Средневековый рецепт регламентирует не столько то, что надо делать, сколько то, что не надо. Массив запретов нарастает, как бы реставрируя в алхимической практике разрушенную в поисках сущности внесущностную форму. Умирание рецептурности поставлено, таким образом, в связь с мутацией «предвозрожденческого» мышления от ноля (песчинка дозволенного) ко всему (Монблан незамечаемых запретов). Алхимический рецепт в этих исторических мутациях играет катализирующую роль.

Рецептурность средневекового мышления — универсальный, всепроникающий феномен, описывающий многообразные сферы средневековой жизни и оставляющий свободным от рецептурной регламентации разве что мир мистических озарений.

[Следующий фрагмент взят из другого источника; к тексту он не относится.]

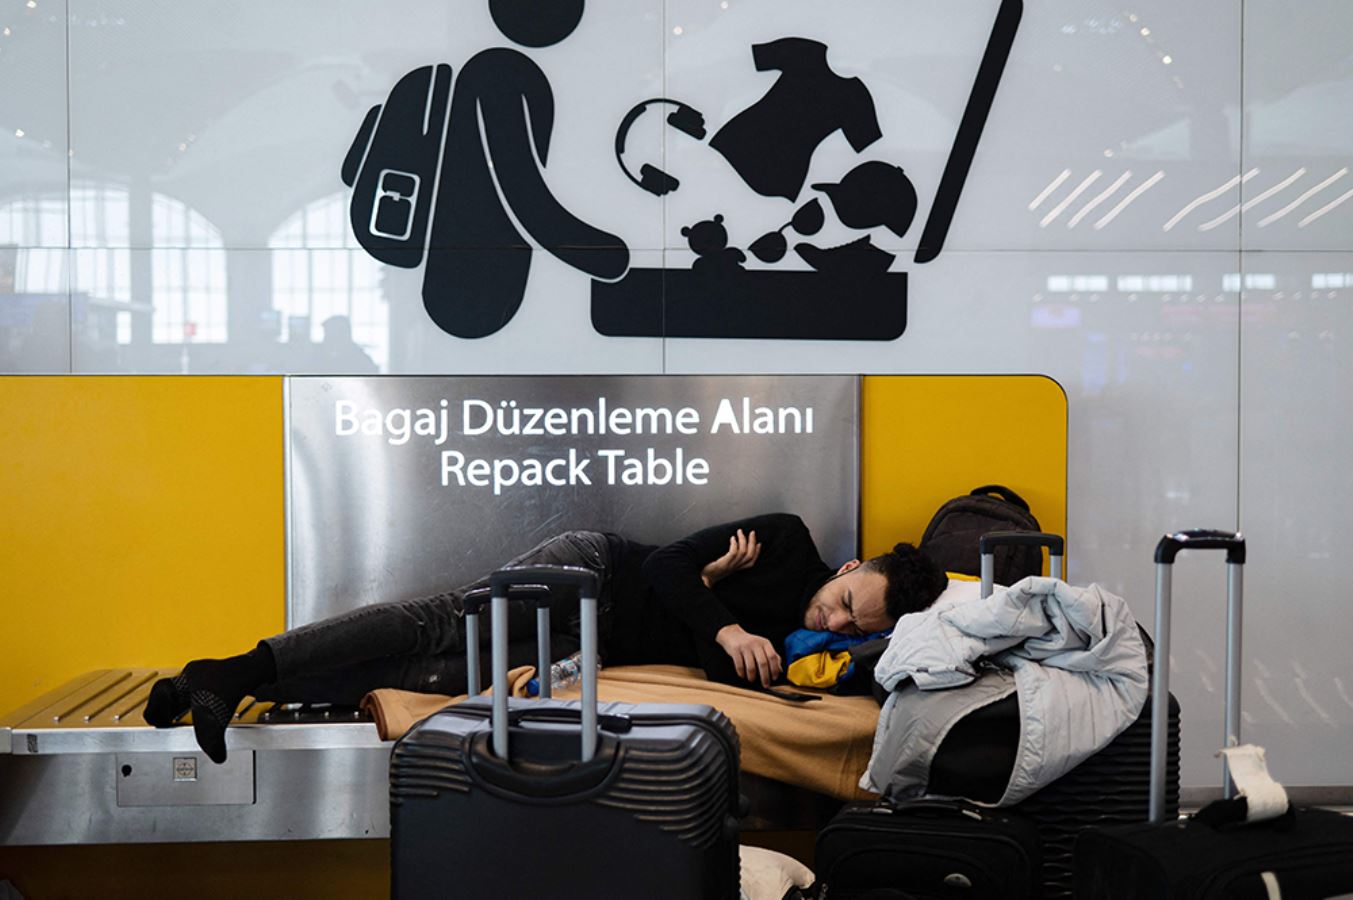 Ali Kıdık son durumu anlattı: İstanbul Havalimanı'nda neler oluyor?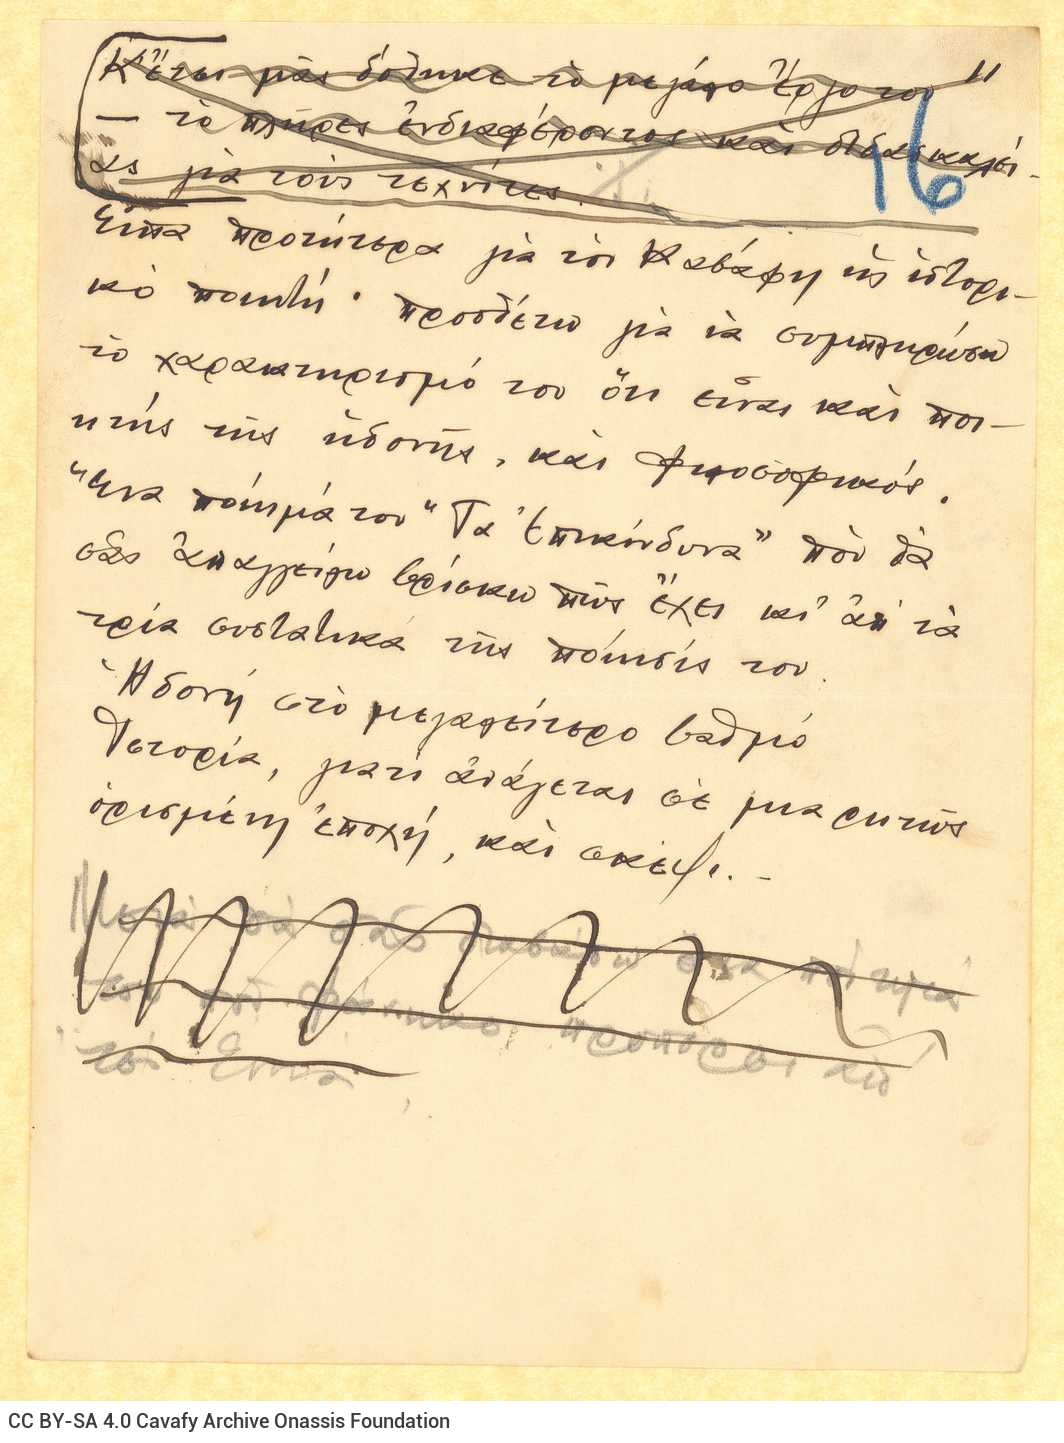 Χειρόγραφο του Αλέκου Σεγκόπουλου στο recto 43 φύλλων και χαρτιών διαφό

Средневековый рецепт рассказывает о том, как сделать вещь. При этом вещь понимается в предельно широком смысле: изделие, фрагмент жизненного поведения; жизнь как человеческое самоосуществление; мир как изделие. Однако сделать вещь — это рассказать о том, как ее сделать. Облечь способ воспроизведения

вещи в слове. Иначе: слить в недробимое единство слово и действие; событие и слово об этом событии, ибо событие, не ставшее словом, бессмысленно. Священство рецептурных действований — свидетельство о Боге, живущем в рецепте не телесно — словесно. Вещь вещает о Боге (Ахутин, 1976, с. 119). Рецепт не только о построении вещи, но и о ее понимании, о ее божественном замысле. Создать вещь означает воспроизвести творческое слово об этой вещи. Действие и молитва вкупе составляют средневековый рецепт. Вещь как результат рецепта — не только сумма предписывающих приемов, но и акт творения в слове, который выше всех предписаний. Священная тайна мастера. В результате — шедевр, свидетельствующий о мастере и его мастерстве, а вовсе не о материальных основаниях вещи. Чистый творческий акт. Напротив, вещественная протяженность материала, далекого от шедевра, лишь материально содержит вещь, потому что не озарена овеществляющим словом мастера.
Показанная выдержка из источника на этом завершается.